(MATERIAL PROVIDED)
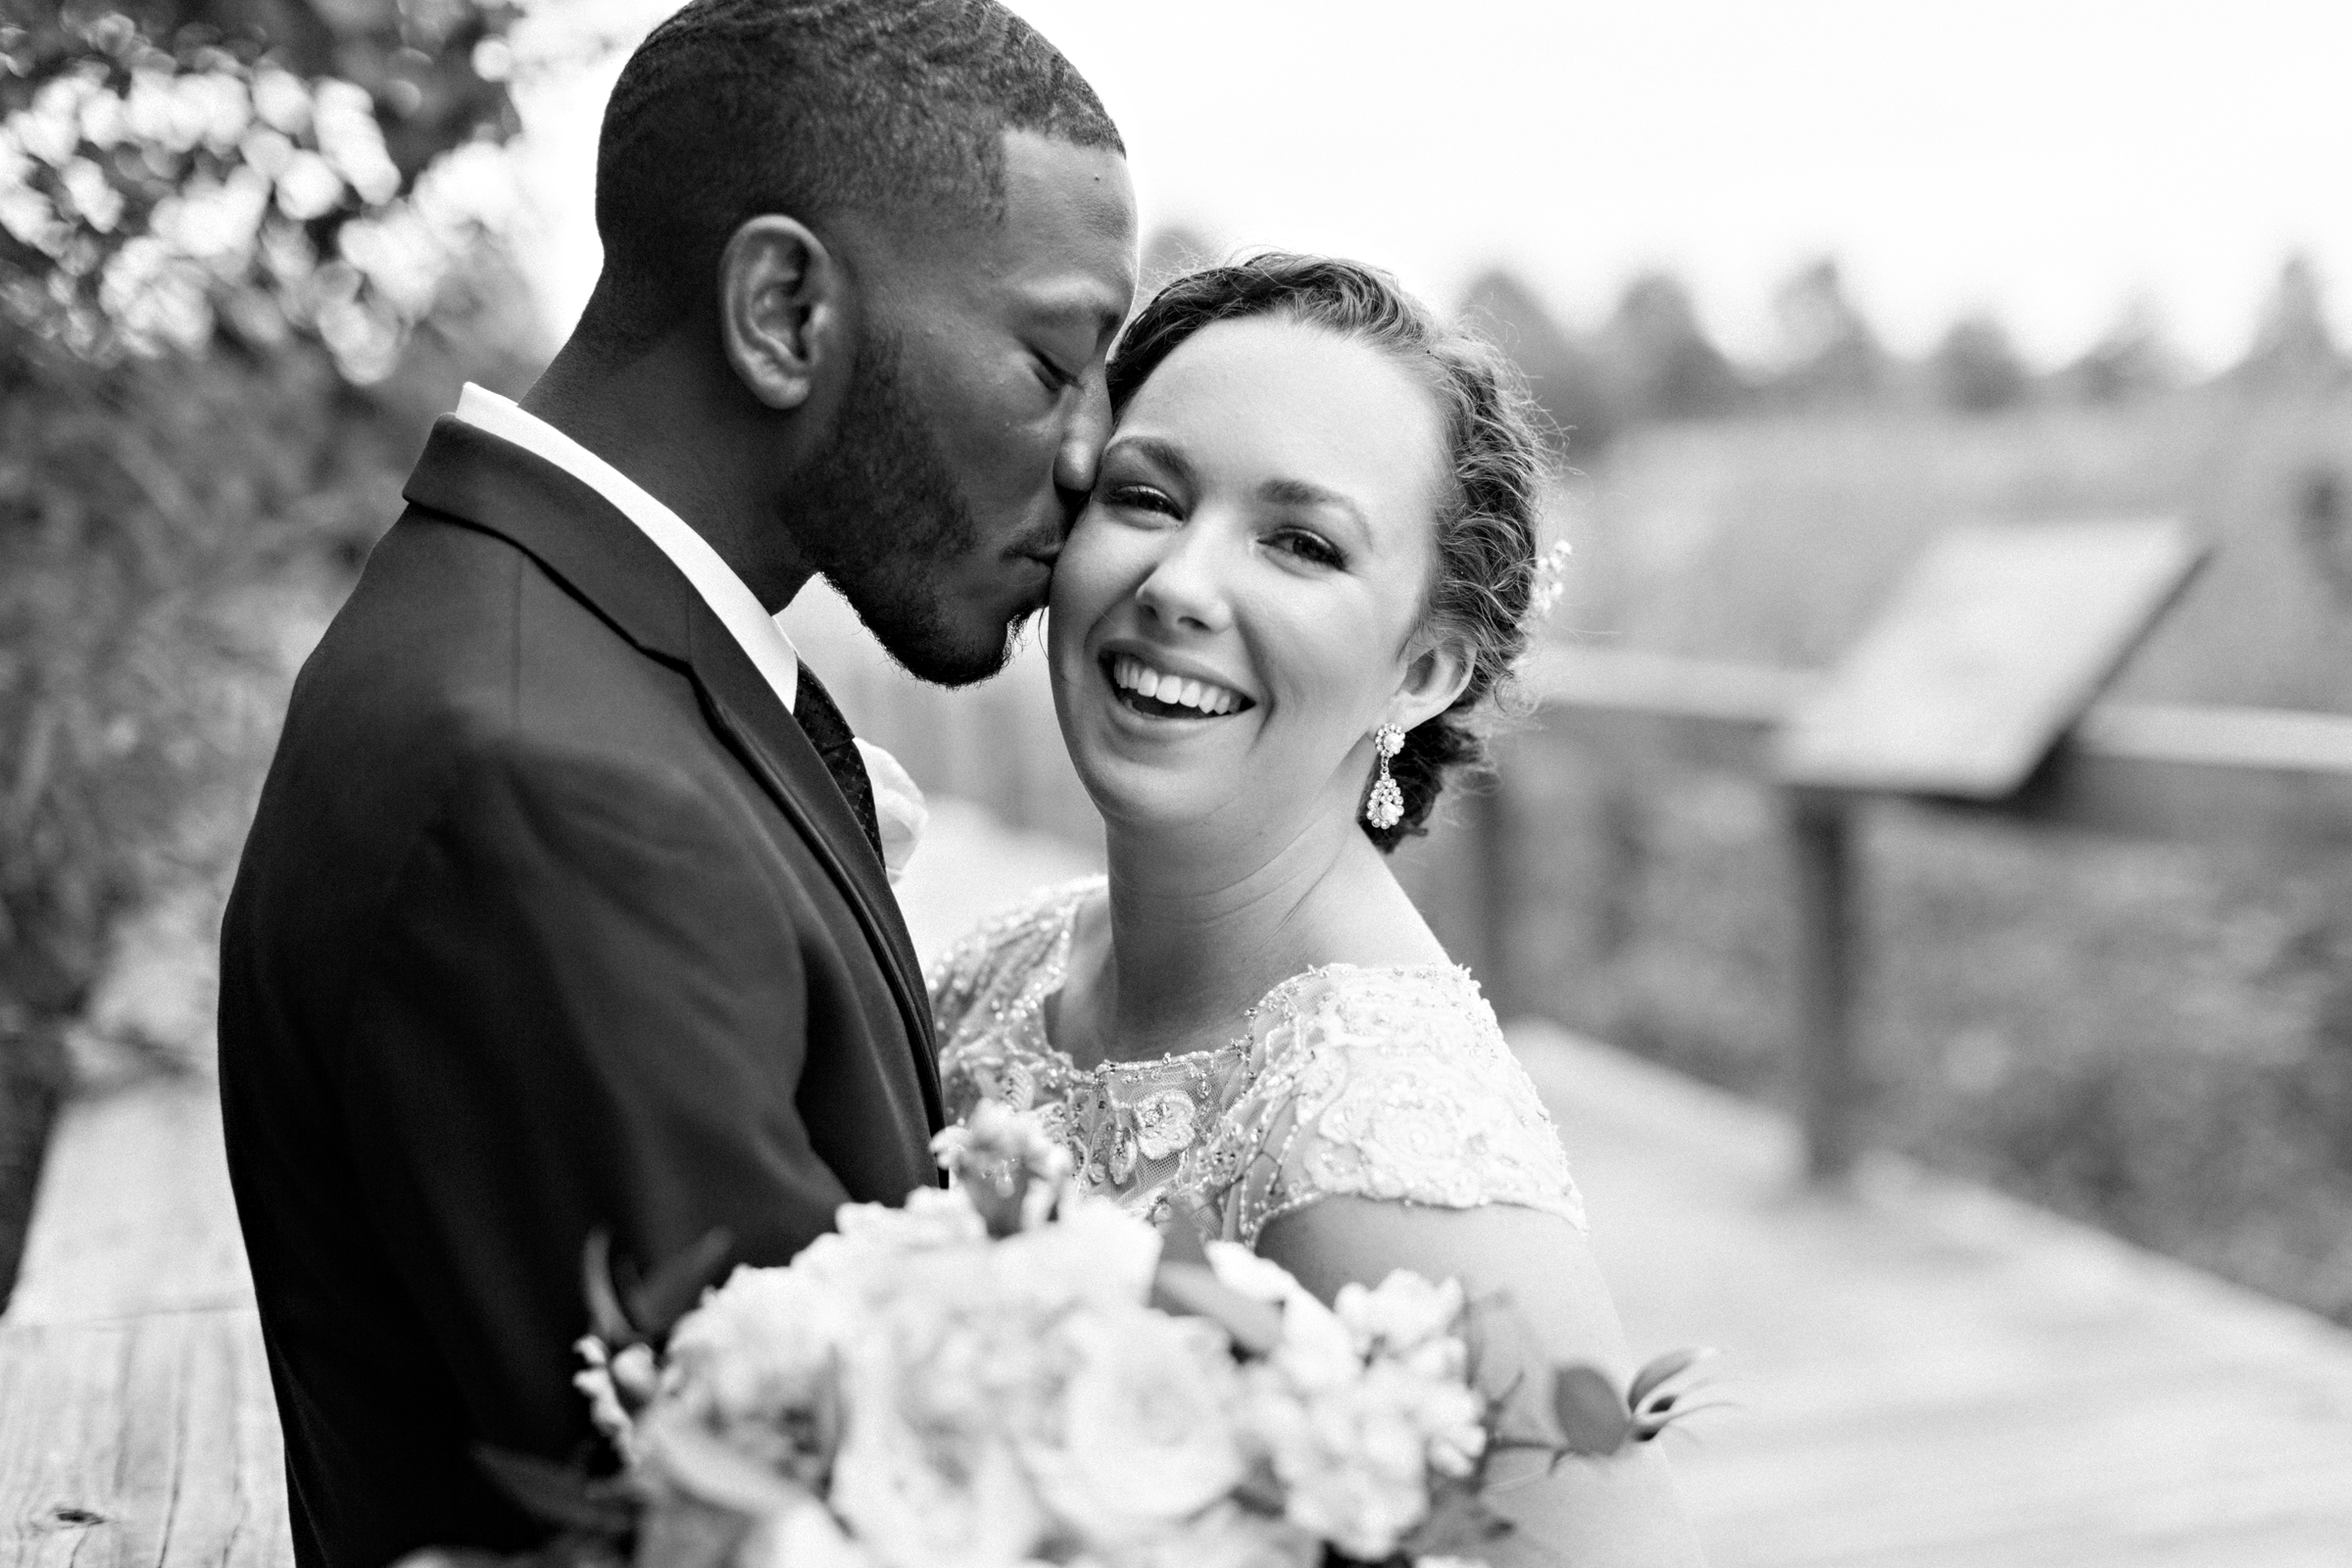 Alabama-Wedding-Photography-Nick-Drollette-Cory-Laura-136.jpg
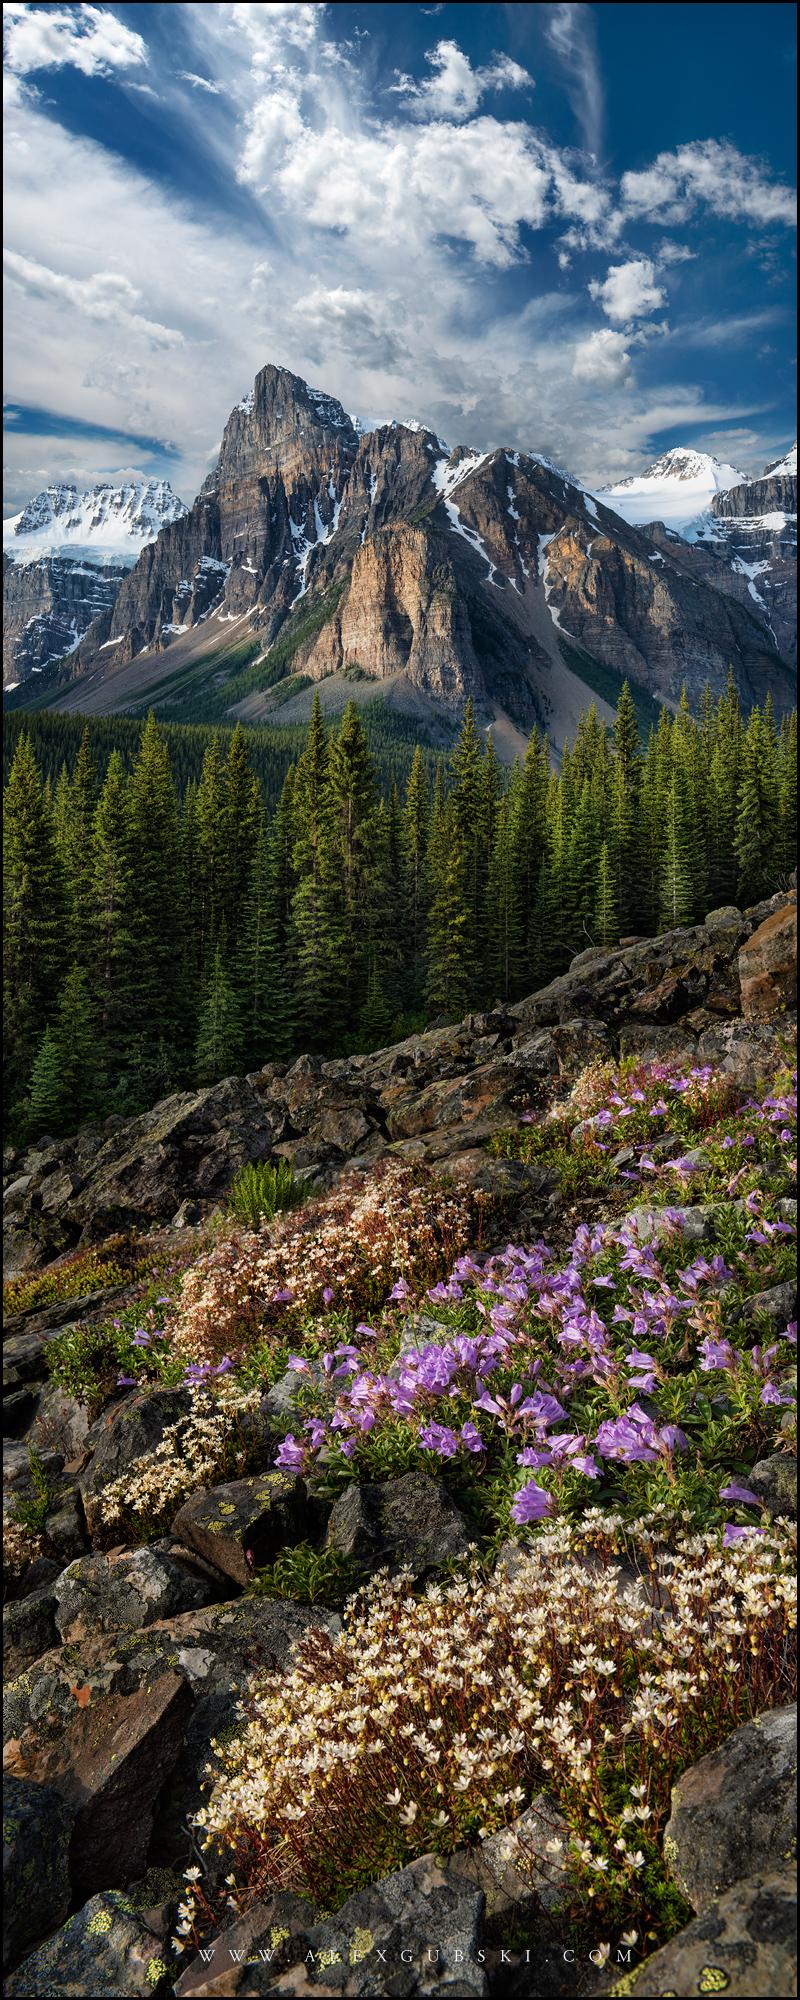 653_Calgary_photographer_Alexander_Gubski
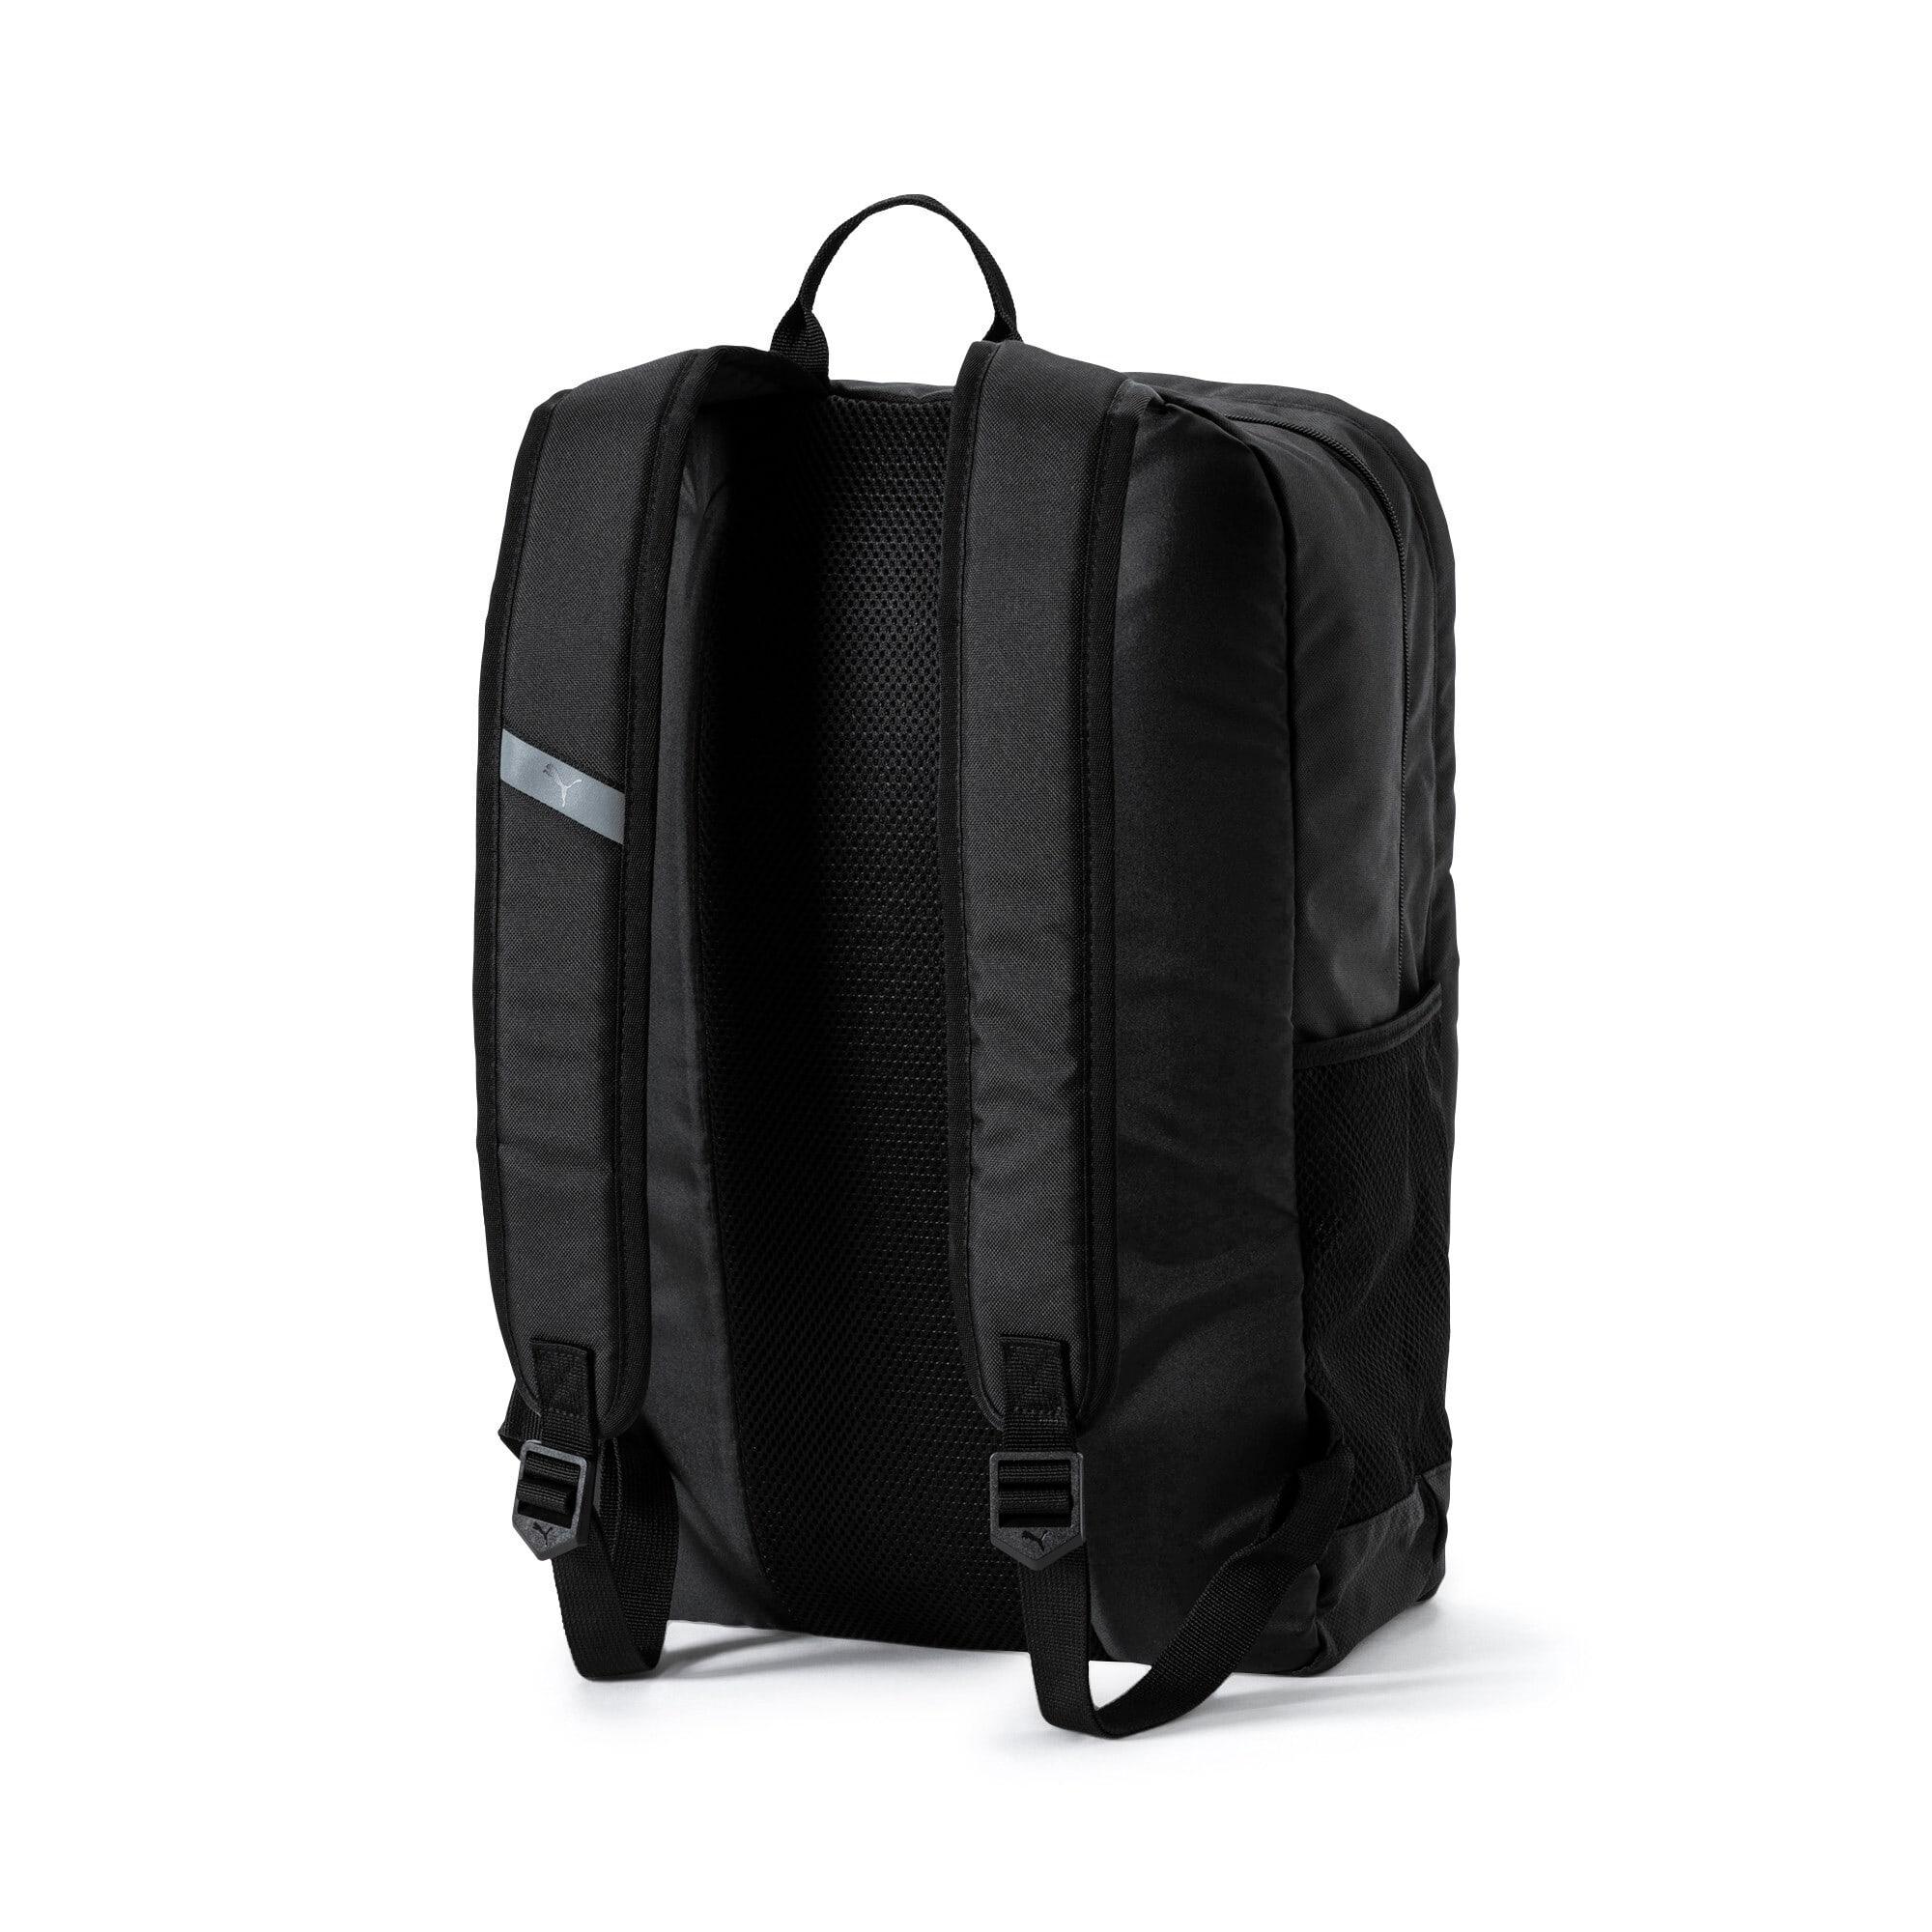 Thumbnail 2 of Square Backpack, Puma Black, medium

(THE TASK) Print every line above exactly as given, but not the pictures.

(THE ANSWER)
 Alabama-Wedding-Photography-Nick-Drollette-Cory-Laura-136.jpg
 653_Calgary_photographer_Alexander_Gubski
 Thumbnail 2 of Square Backpack, Puma Black, medium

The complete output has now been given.